The wallets live in-client (the same model used in the AK Gaming hackathon's game studio), so there's no browser extension or passkey prompt in this demo. That's a deliberate choice for clarity, not a recommendation — for anything heading toward production, look at OpenZeppelin's policy-based smart accounts (OZ Policy). With OZ Policy you can express rules like "any transaction over $10 requires my signature," which is most of what you actually want from a smart agent wallet.
The Exact Moment an Operation Becomes MPP
The pivot of the video: where in the code does a regular HTTP handler turn into an MPP-gated handler?
In the charge-mode handler, the route checks for a valid payment receipt. If the receipt is present and valid, the handler proceeds to the underlying business logic and returns the response. If it isn't, the handler returns a 402 with the charge challenge attached. That gating block — the small "molecule" sitting between the request and the response — is the entire MPP surface area for charge mode. Flipping the same handler from charge mode to channel mode is essentially a one-line change in the configuration of that gating block.
If you've worked with x402, charge mode is going to feel like familiar territory. The thing to internalize is that channel mode is not x402 with extra steps — it's a different settlement model for a different cost shape, and it's the reason MPP exists as its own primitive.

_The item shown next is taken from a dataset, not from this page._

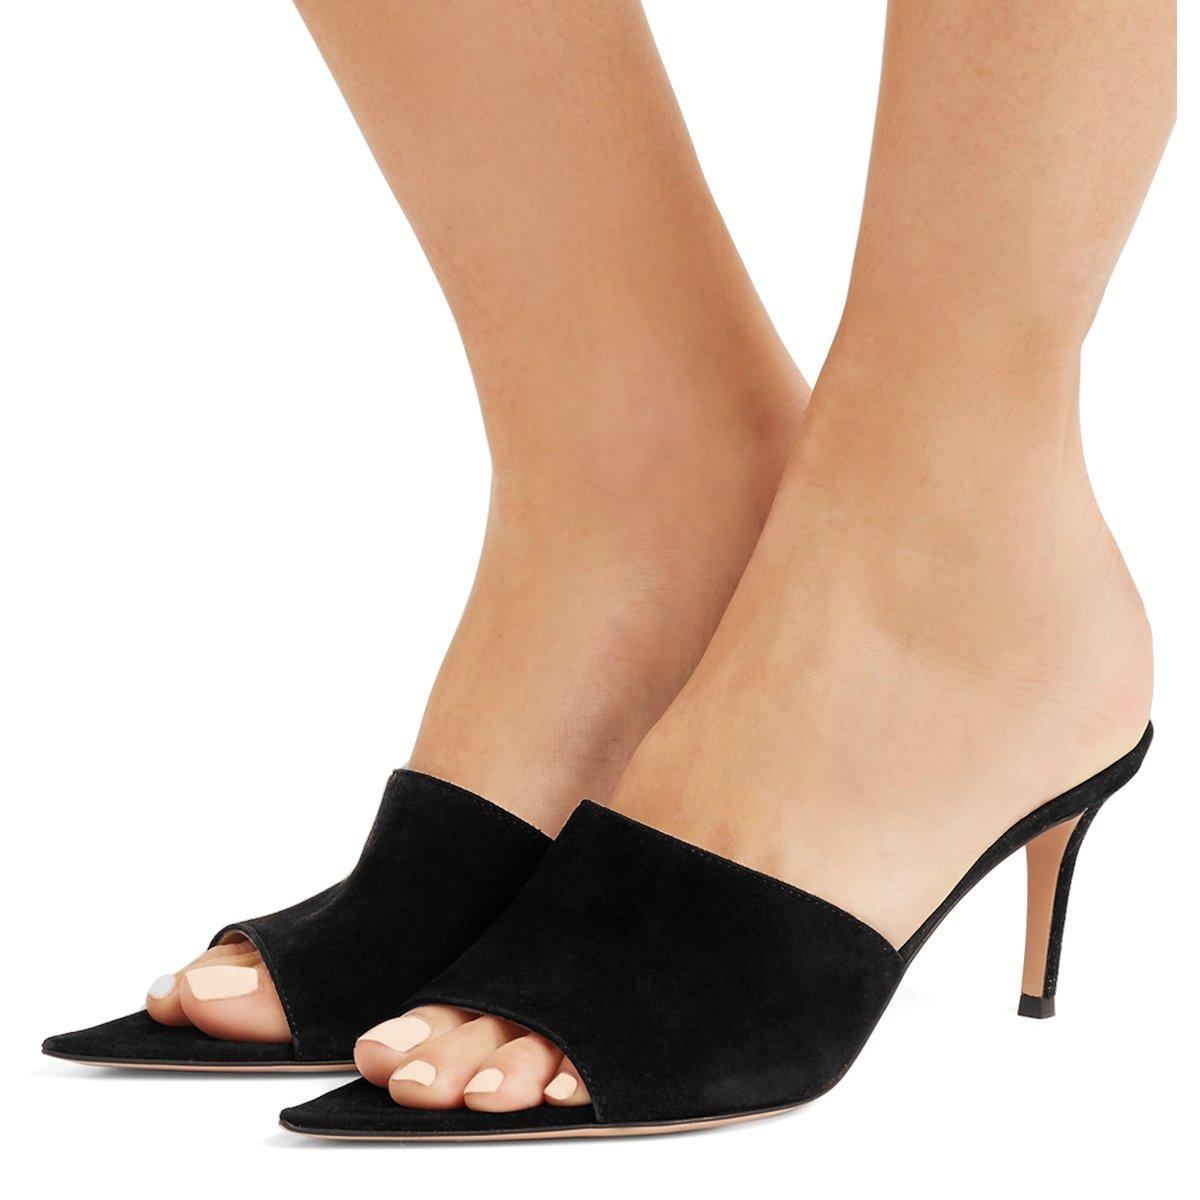 FSJ Women Fashion Mid High Heels Sandals Suede Slip on Open Toe Mules Sexy Slide Shoes Size 11 Black-7 cm

SDKs and Reference Implementations
Two pointers for going deeper:
- The MPP documentation on developers.stellar.org, including the list of supported MPP intents.
- The recommended SDK for creating MPP patterns on Stellar — the easiest path to a working integration.
For a better-looking, more-complete reference implementation than the demo shown in this stream, look up @ElliotFriend on X — Elliot's MPP demo (including MPP Stellar Buzz, a per-channel chatbot) is a strong example of channel mode used correctly: open a channel when the conversation starts, settle once when it ends, no per-token transaction overhead in between.
Where MPP Fits
The use cases that map cleanly onto MPP all share one property: high-frequency paid calls. That keyword is the easiest filter. If your access pattern is bursty or per-token or per-tick, channel mode. If it's an occasional one-off charge for a piece of data, charge mode. If it's neither, you may not need MPP at all.
Concrete examples worth thinking about:
- Paid data feeds and oracles — charge per query, or open a channel for high-frequency consumers.
- Premium developer tools and analytics APIs — the obvious one. Per-call billing for tools that today rely on API keys and out-of-band invoicing.
- AI-enabled explorers — paste a wallet or contract address into a chatbot and have it narrate the on-chain activity. Open question on the table during the meeting — a strong opportunity for builders.
- AI auditing tools — auditing a Soroban contract for vulnerabilities, with the caveat that no AI auditor should be the only thing standing between a project and mainnet.
- Agent service marketplaces — agents paying agents per-call, with MPP as the settlement layer.
- Usage-based infrastructure — anything where the cost shape is "metered, often, small."